Chalfoun, NR, Grellet-Bournonville, CF, Martínez-Zamora, MG, Díaz-Perales, A, Castagnaro, AP, Díaz-Ricci, JC
The Journal of biological chemistry. 2013;(20):14098-14113
Abstract
In this work, the purification and characterization of an extracellular elicitor protein, designated AsES, produced by an avirulent isolate of the strawberry pathogen Acremonium strictum, are reported.

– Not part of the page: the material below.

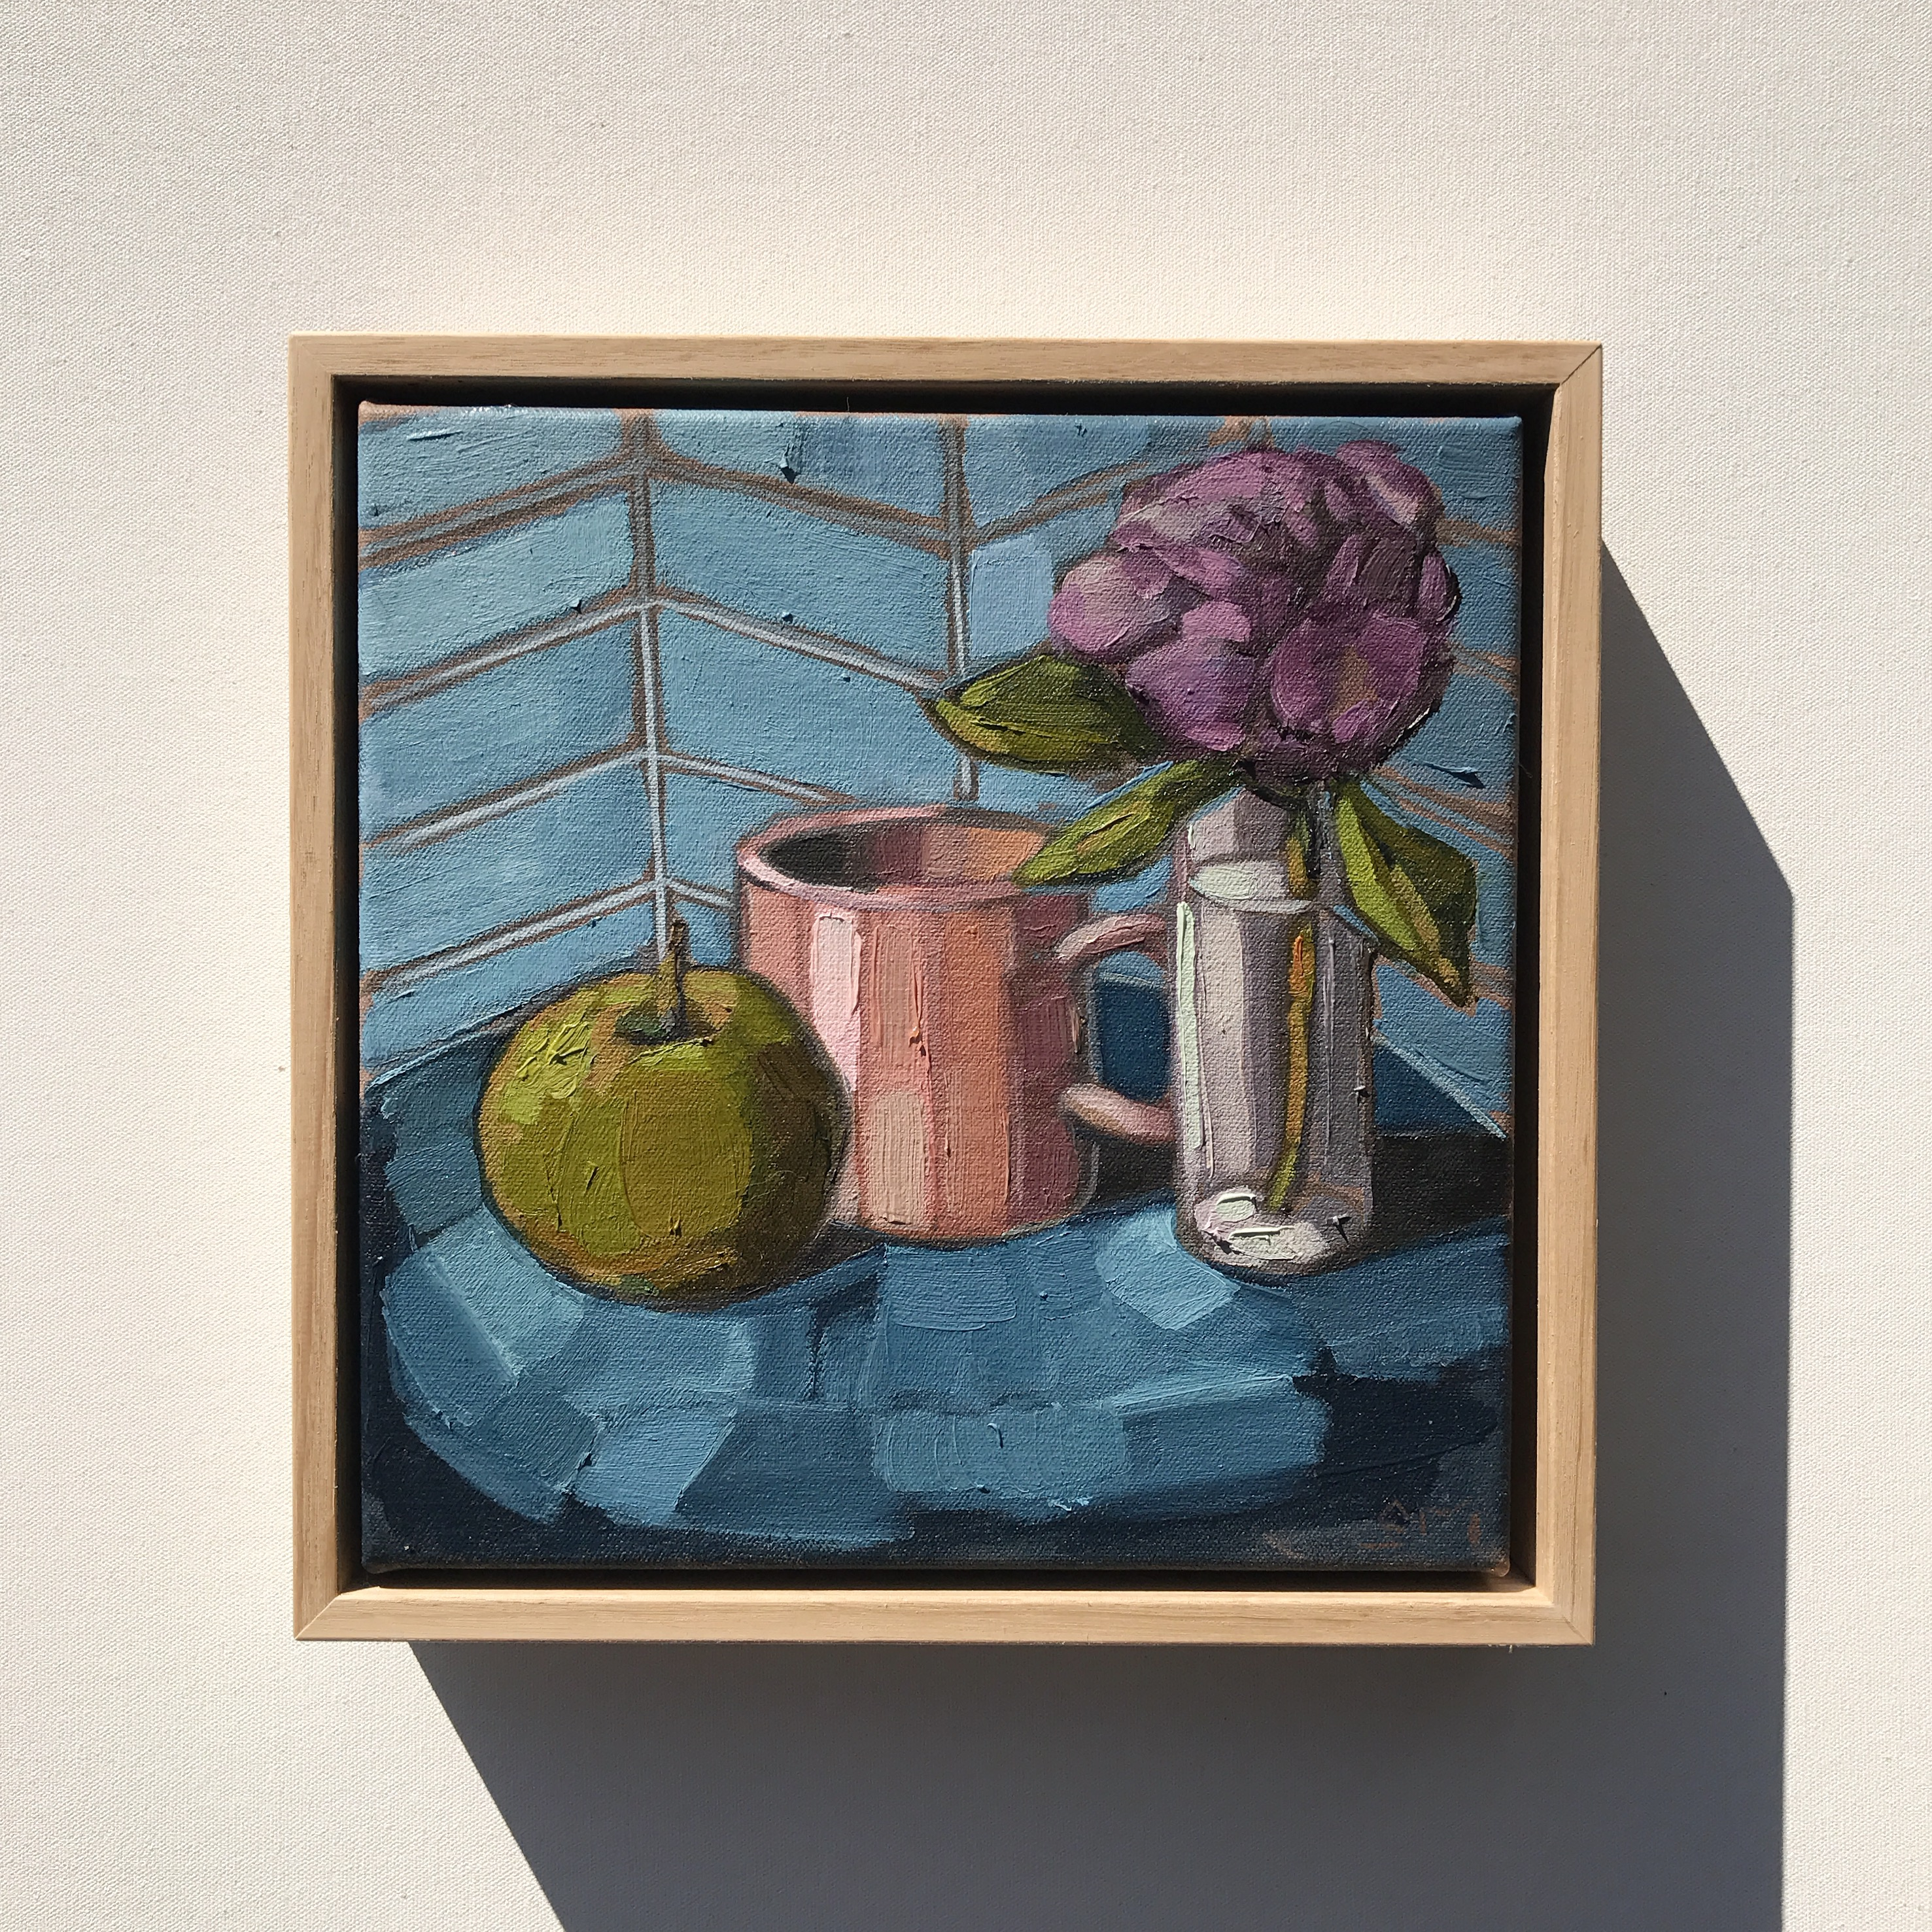 'Pink Mug' 27x27cm $495

The defense eliciting activity present in culture filtrates was recovered and purified by ultrafiltration (cutoff, 30 kDa), anionic exchange (Q-Sepharose, pH 7.5), and hydrophobic interaction (phenyl-Sepharose) chromatographies. Two-dimensional SDS-PAGE of the purified active fraction revealed a single spot of 34 kDa and pI 8.8. HPLC (C2/C18) and MS/MS analysis confirmed purification to homogeneity. Foliar spray with AsES provided a total systemic protection against anthracnose disease in strawberry, accompanied by the expression of defense-related genes (i.e. PR1 and Chi2-1). Accumulation of reactive oxygen species (e.g. H2O2 and O2(˙)) and callose was also observed in Arabidopsis. By using degenerate primers designed from the partial amino acid sequences and rapid amplification reactions of cDNA ends, the complete AsES-coding cDNA of 1167 nucleotides was obtained. The deduced amino acid sequence showed significant identity with fungal serine proteinases of the subtilisin family, indicating that AsES is synthesized as a larger precursor containing a 15-residue secretory signal peptide and a 90-residue peptidase inhibitor I9 domain in addition to the 283-residue mature protein. AsES exhibited proteolytic activity in vitro, and its resistance eliciting activity was eliminated when inhibited with PMSF, suggesting that its proteolytic activity is required to induce the defense response. This is, to our knowledge, the first report of a fungal subtilisin that shows eliciting activity in plants. This finding could contribute to develop disease biocontrol strategies in plants by activating its innate immunity.